Comorbidity of bipolar disorder with substance abuse: selection of prioritized genes for translational research.

Raphael D Isokpehi¹, Sharon A Lewis, Tolulola O Oyeleye, Wellington K Ayensu, Tonya M Gerald.

Abstract

Bipolar disorder is a highly heritable mental illness. The global burden of bipolar disorder is complicated by its comorbidity with substance abuse. Several genome-wide linkage/association studies on bipolar disorder as well as substance abuse have focused on the identification and/or prioritization of candidate disease genes. A useful step for translational research of these identified/prioritized genes is to identify sets of genes that have particular kinds of publicly available data.
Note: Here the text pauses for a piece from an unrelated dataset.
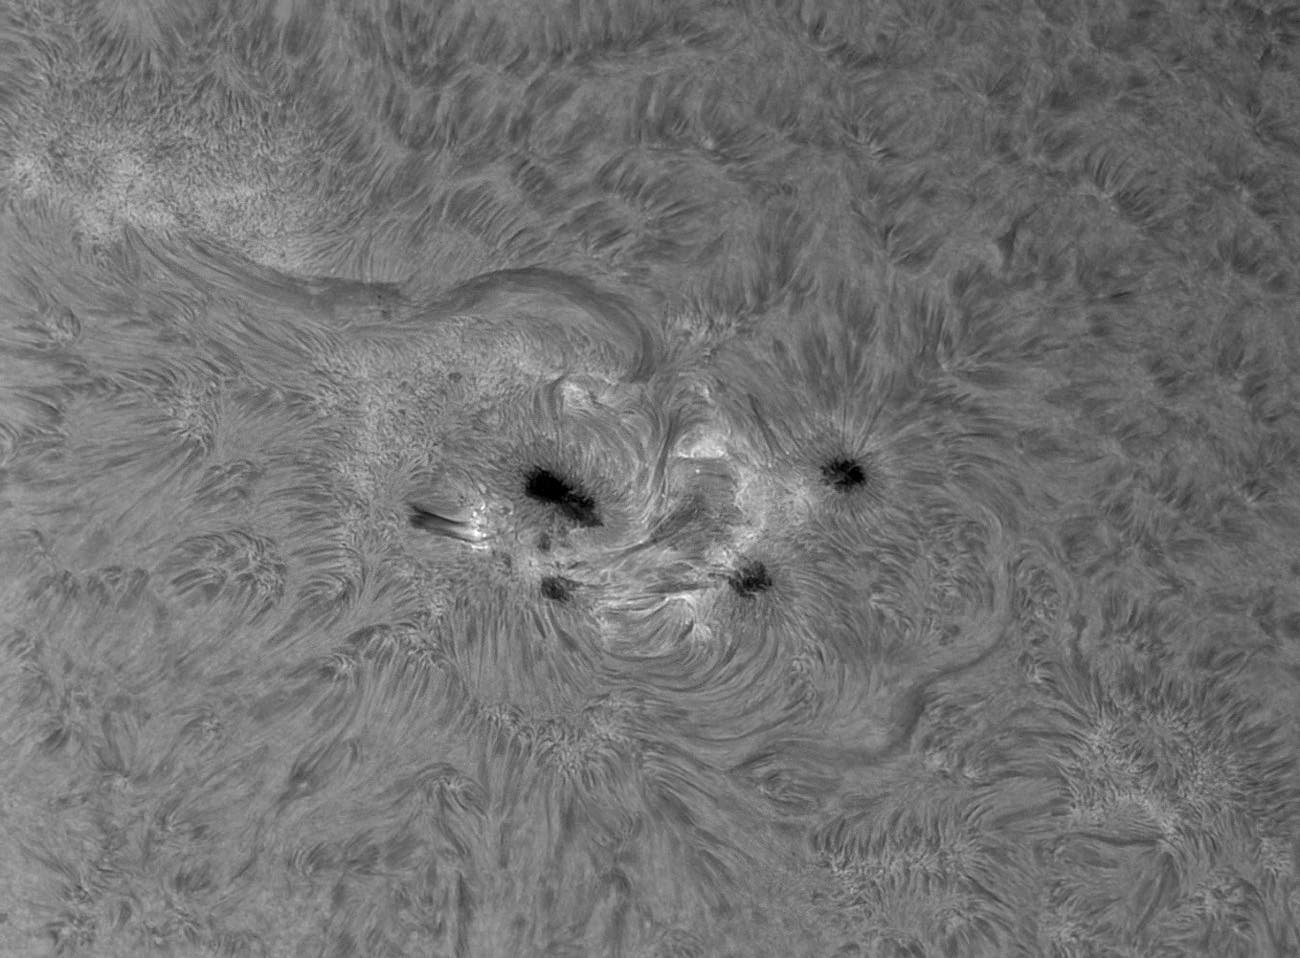 H-alpha-Sonne am 5. März 2011 - Detailansicht

Therefore, we have leveraged the availability of links to related resources in the Entrez Gene database to develop a web-based resource for selecting genes based on presence or absence in particular biological data resources. The utility of our approach is demonstrated using a set of 3,399 genes from multiple eukaryotes that have been studied in the context of bipolar disorder and/or substance abuse. A web resource to automate the selection of genes that contain certain database links is available at http://compbio.jsums.edu/bpd.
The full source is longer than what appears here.